Talking about money troubles still seen as a taboo

Talking about money troubles still seen as a taboo

According to new research, our reluctance to talk about money troubles is having a dramatic impact on our relationships but borrowing money is still a tricky topic.

The research, from short term loan provider, Peachy Loans, suggests that 62% of us are too embarrassed to ask for money from friends and family, even when we really need it. women are more likely to be embarassed than men, with 70 percent saying they would be too embarassed compared to 54 per cent of men.

Although some of the hesitation comes from a good place - one in five (21 per cent) don't ask because they don't wan't to break family or friend's trust - this can end up doing more harm than good as those money troubles spiral out of control. Almost a third (29 per cent) of us keep credit card debt a secret from partners, which undermines trust and can lead to relationship breakdown.

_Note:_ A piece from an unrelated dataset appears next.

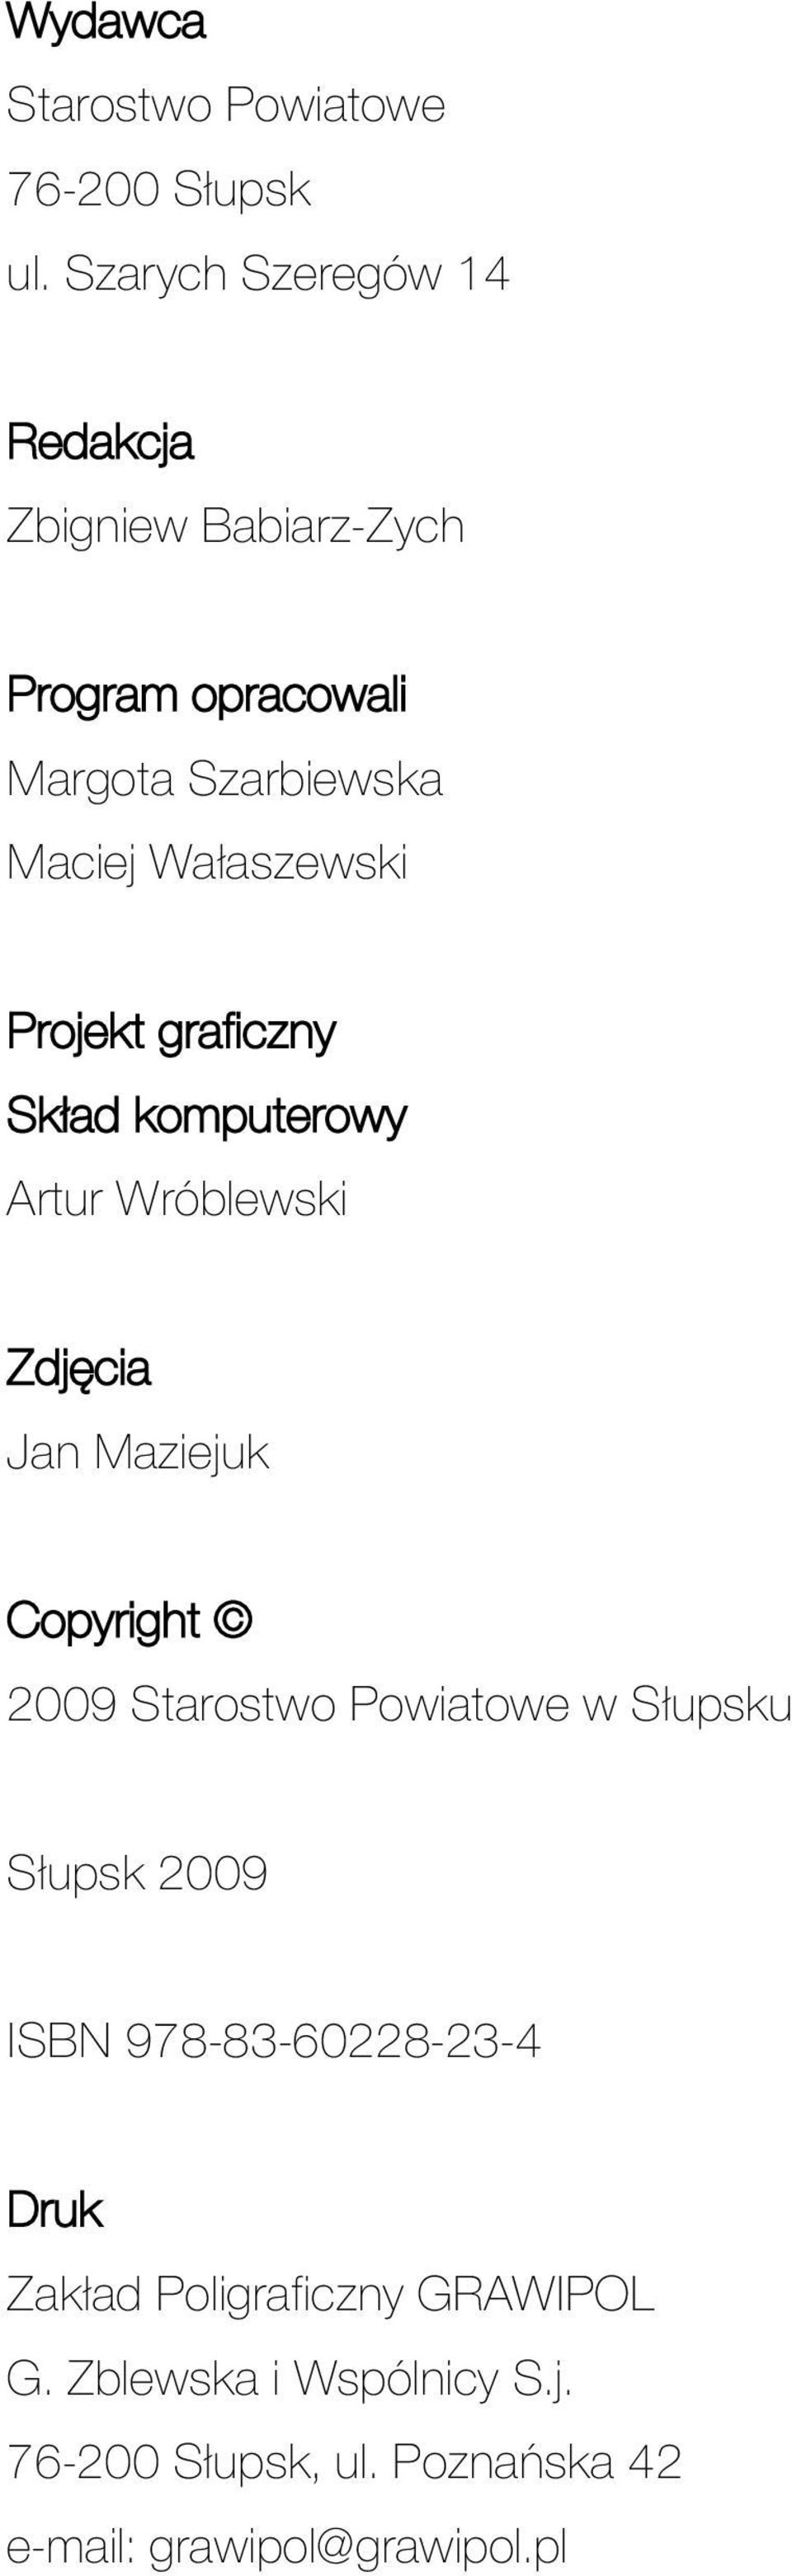 Projekt graficzny Skład komputerowy Artur Wróblewski Zdjęcia Jan Maziejuk Copyright 2009 Starostwo Powiatowe

Credit expert Katre Kaarenperk-Vanatoa offers this advice:

‘It’s hard to talk about money troubles, especially if you’re in a relationship. But keeping secrets can cause lasting harm to a relationship, not to mention your credit rating. Facing the problem, talking about it, and working on a solution is the best way forward, and a loan can be a reasonable place to start taking back control.’

Money trouble is the number one cause of divorce in early marriage, and while 40% of us are worried about awkward conversations about money, it can often be the start of a solution. The best way to deal with money trouble is to talk about it, get advice, and deal with the problem head-on.